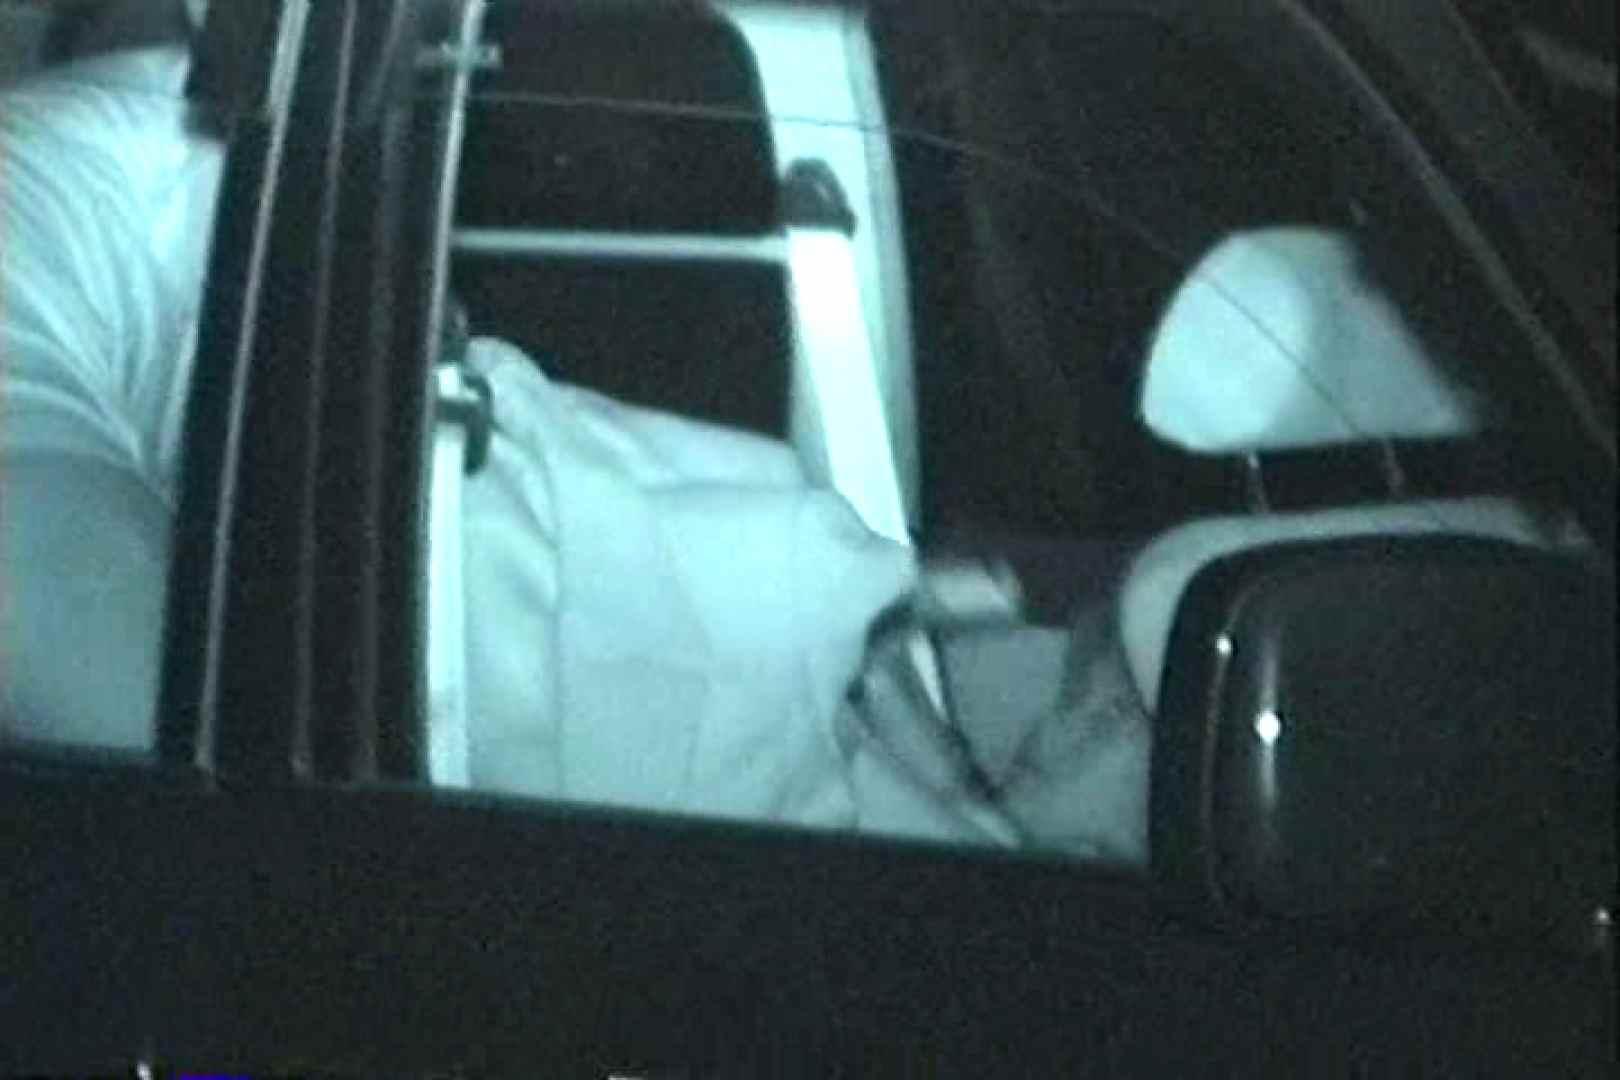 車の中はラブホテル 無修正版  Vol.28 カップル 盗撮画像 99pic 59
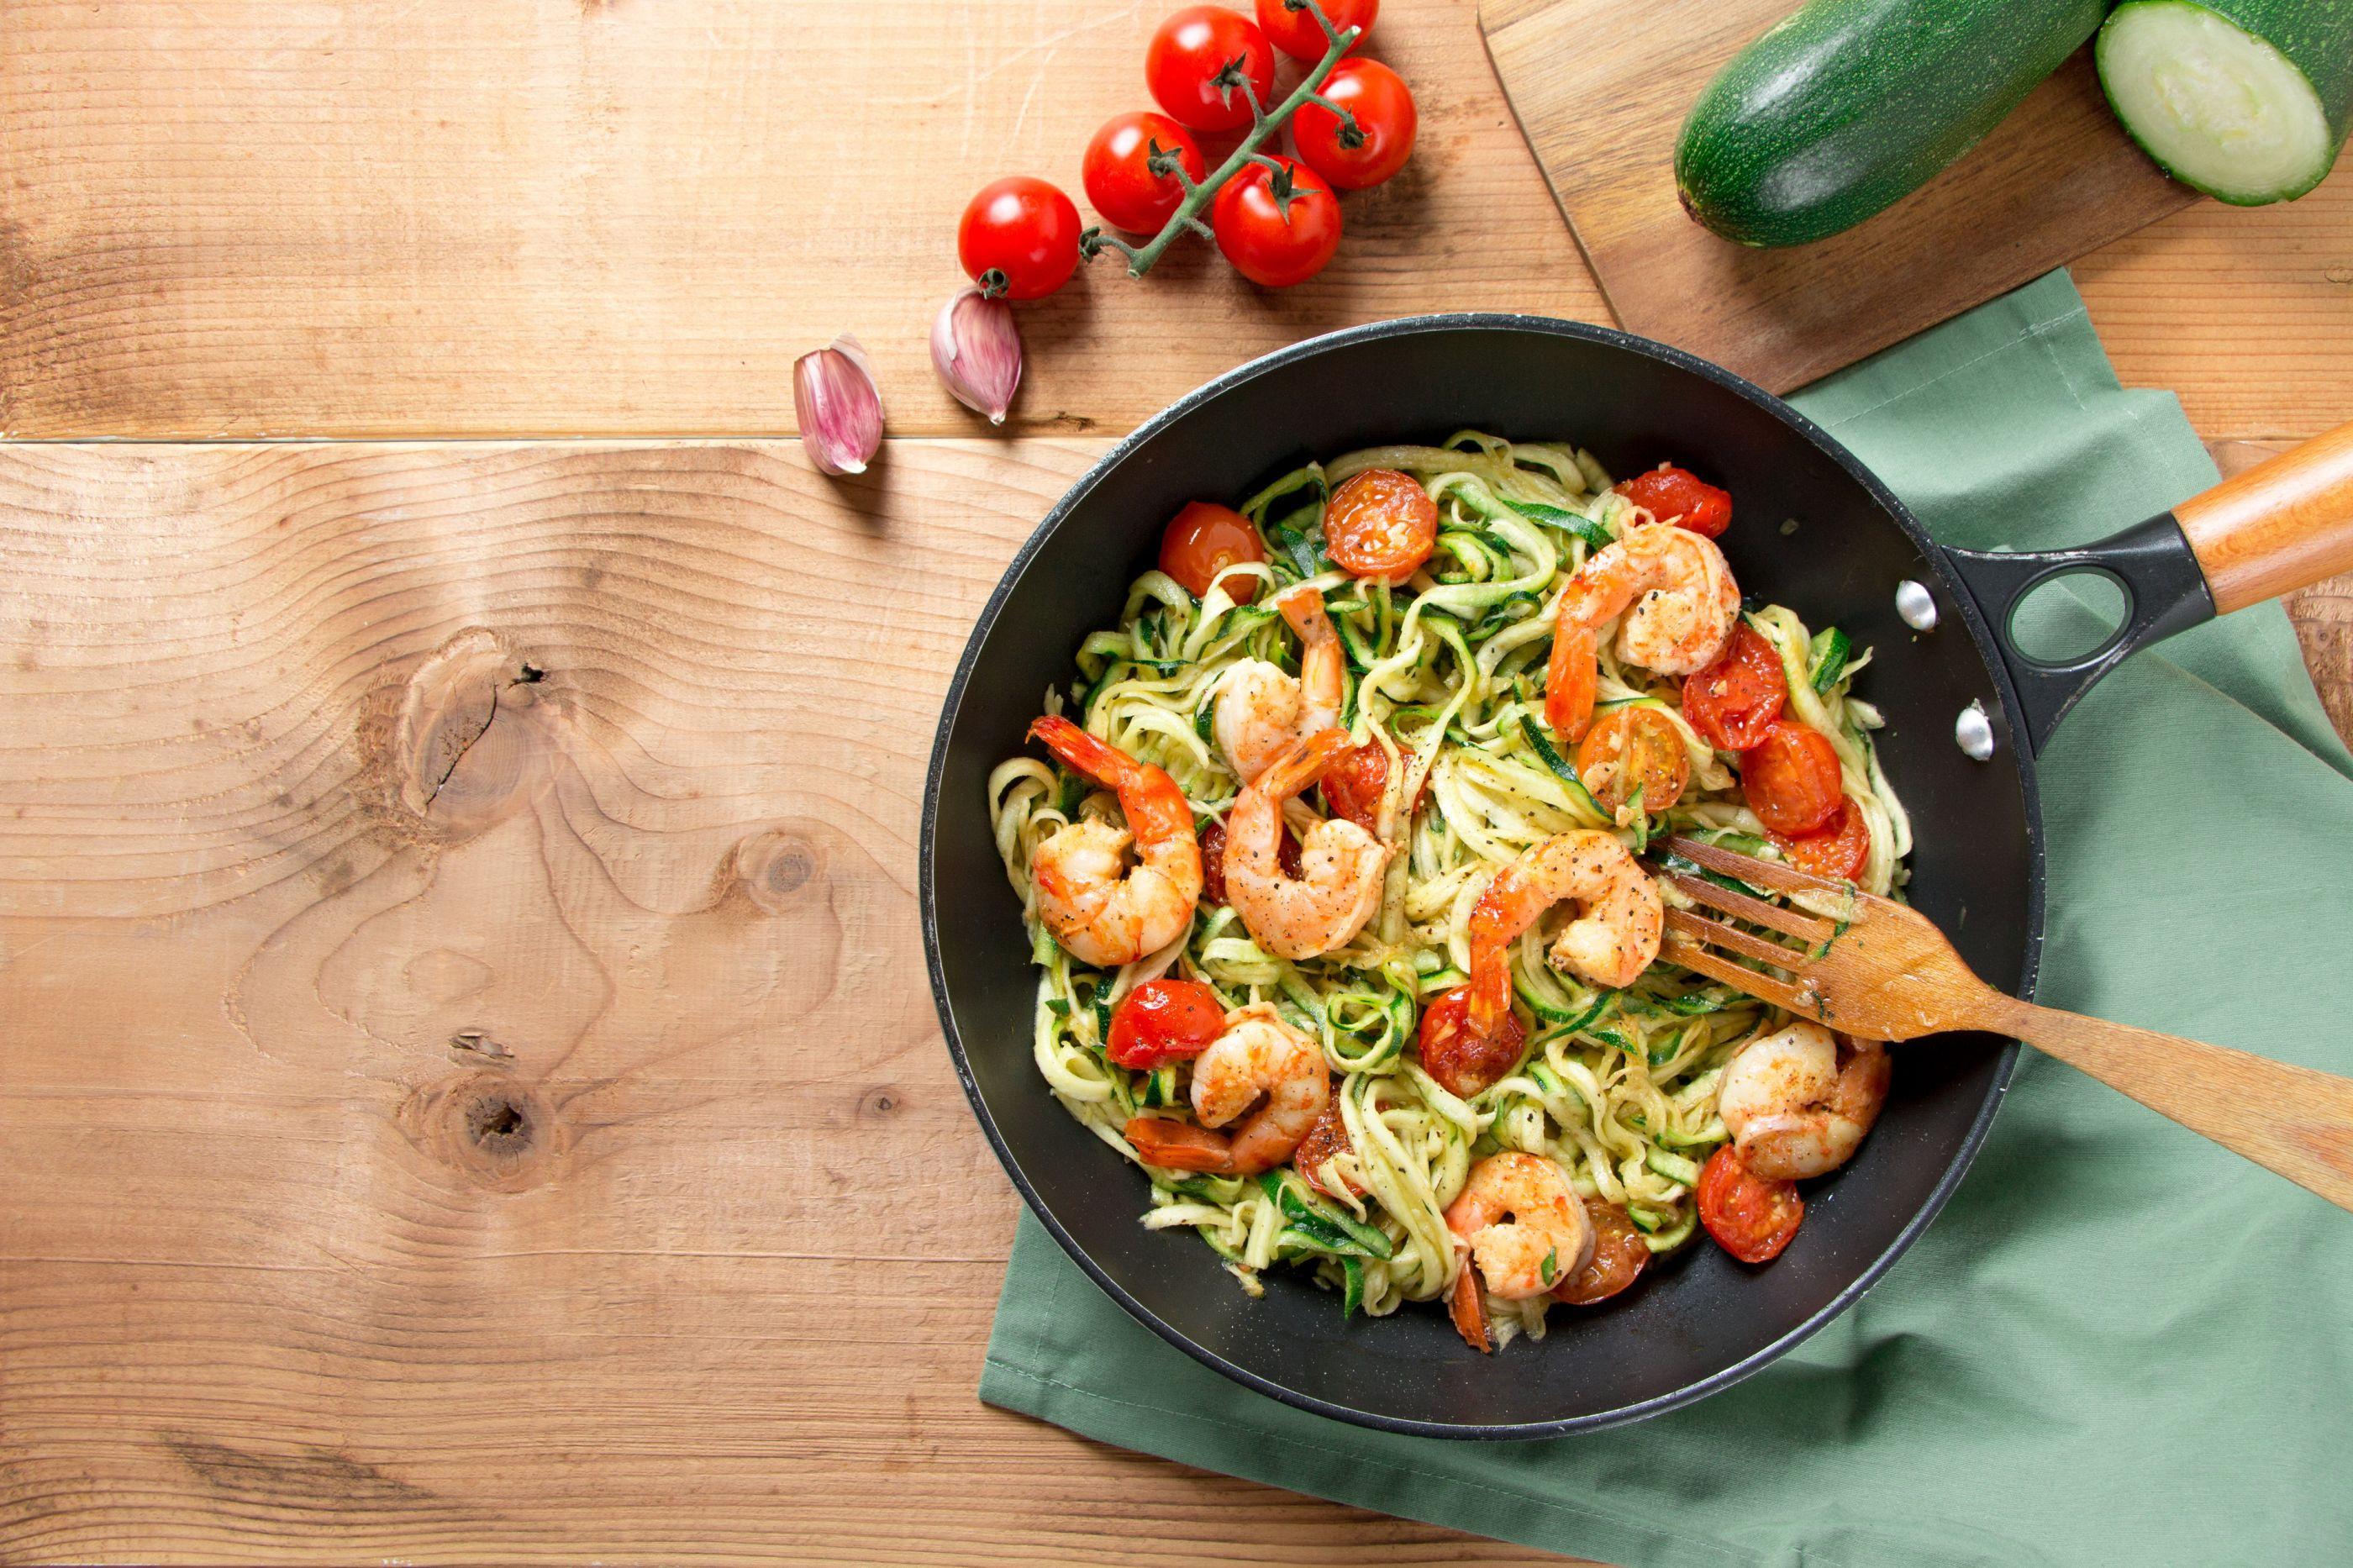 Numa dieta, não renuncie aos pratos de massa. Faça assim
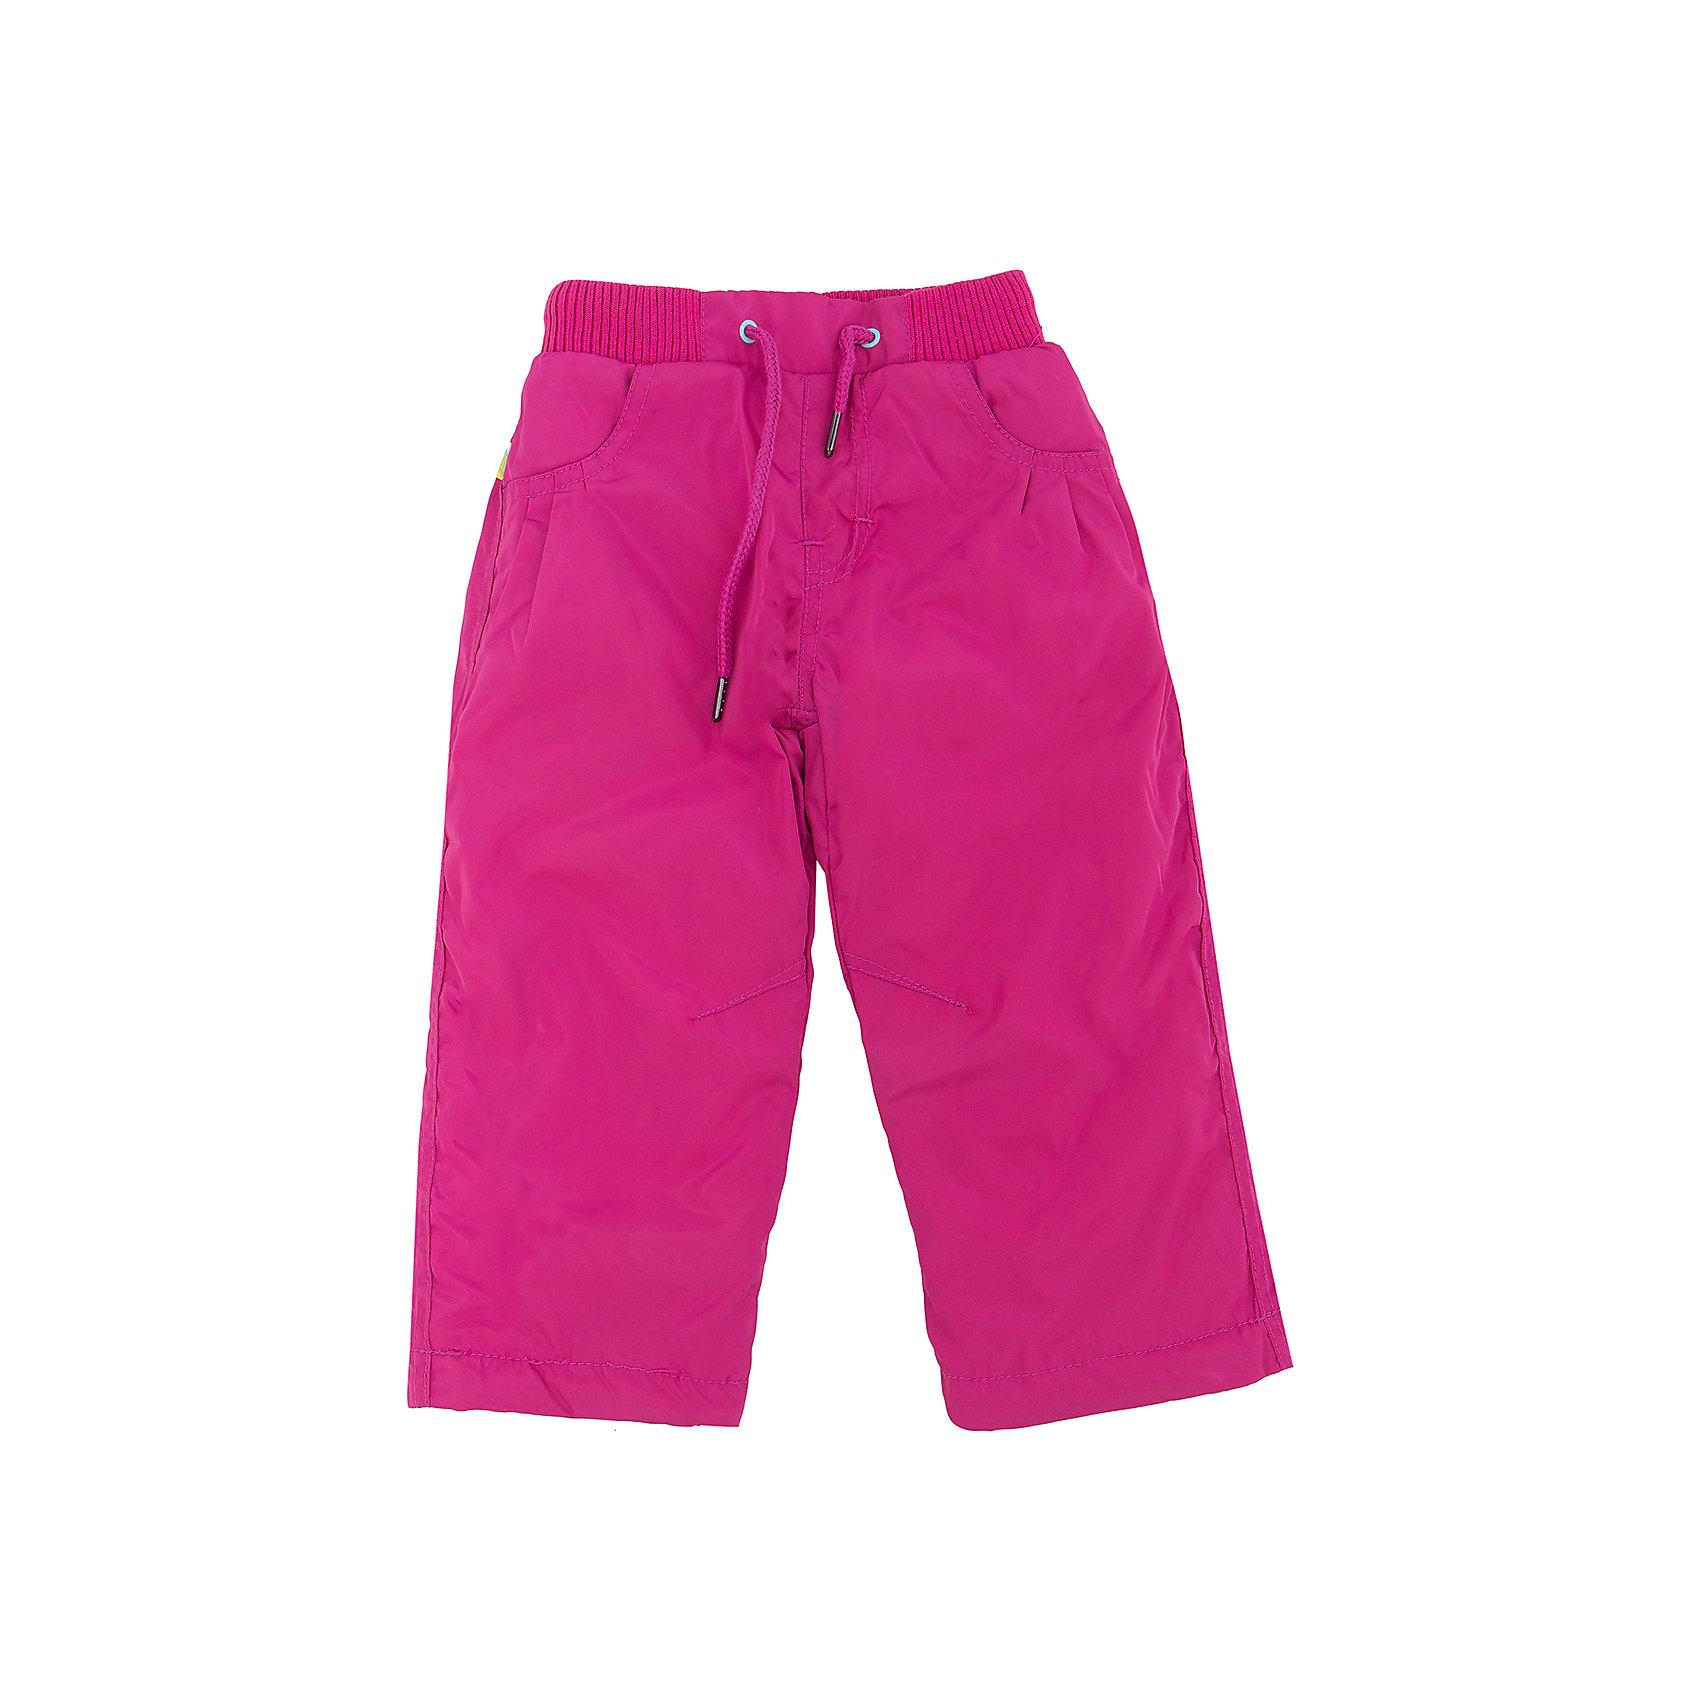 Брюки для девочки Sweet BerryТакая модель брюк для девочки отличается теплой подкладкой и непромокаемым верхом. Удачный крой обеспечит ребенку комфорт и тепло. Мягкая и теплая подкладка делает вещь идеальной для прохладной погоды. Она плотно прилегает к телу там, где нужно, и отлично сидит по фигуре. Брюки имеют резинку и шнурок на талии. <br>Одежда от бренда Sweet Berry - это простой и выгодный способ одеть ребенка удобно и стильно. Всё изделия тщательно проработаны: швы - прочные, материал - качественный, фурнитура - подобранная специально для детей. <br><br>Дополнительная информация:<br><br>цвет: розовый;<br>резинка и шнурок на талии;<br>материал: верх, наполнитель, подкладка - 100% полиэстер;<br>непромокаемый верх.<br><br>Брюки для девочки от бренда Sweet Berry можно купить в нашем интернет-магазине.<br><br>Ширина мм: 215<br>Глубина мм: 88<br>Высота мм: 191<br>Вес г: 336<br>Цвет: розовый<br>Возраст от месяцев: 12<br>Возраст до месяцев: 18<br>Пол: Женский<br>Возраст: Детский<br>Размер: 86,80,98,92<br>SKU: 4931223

_To do_
Please repeat every line from the listing above exactly as it appears. Drop the pictures.

_Reply_
 車の中はラブホテル 無修正版  Vol.28 カップル 盗撮画像 99pic 59
 Numa dieta, não renuncie aos pratos de massa. Faça assim
 Брюки для девочки Sweet BerryТакая модель брюк для девочки отличается теплой подкладкой и непромокаемым верхом. Удачный крой обеспечит ребенку комфорт и тепло. Мягкая и теплая подкладка делает вещь идеальной для прохладной погоды. Она плотно прилегает к телу там, где нужно, и отлично сидит по фигуре. Брюки имеют резинку и шнурок на талии. <br>Одежда от бренда Sweet Berry - это простой и выгодный способ одеть ребенка удобно и стильно. Всё изделия тщательно проработаны: швы - прочные, материал - качественный, фурнитура - подобранная специально для детей. <br><br>Дополнительная информация:<br><br>цвет: розовый;<br>резинка и шнурок на талии;<br>материал: верх, наполнитель, подкладка - 100% полиэстер;<br>непромокаемый верх.<br><br>Брюки для девочки от бренда Sweet Berry можно купить в нашем интернет-магазине.<br><br>Ширина мм: 215<br>Глубина мм: 88<br>Высота мм: 191<br>Вес г: 336<br>Цвет: розовый<br>Возраст от месяцев: 12<br>Возраст до месяцев: 18<br>Пол: Женский<br>Возраст: Детский<br>Размер: 86,80,98,92<br>SKU: 4931223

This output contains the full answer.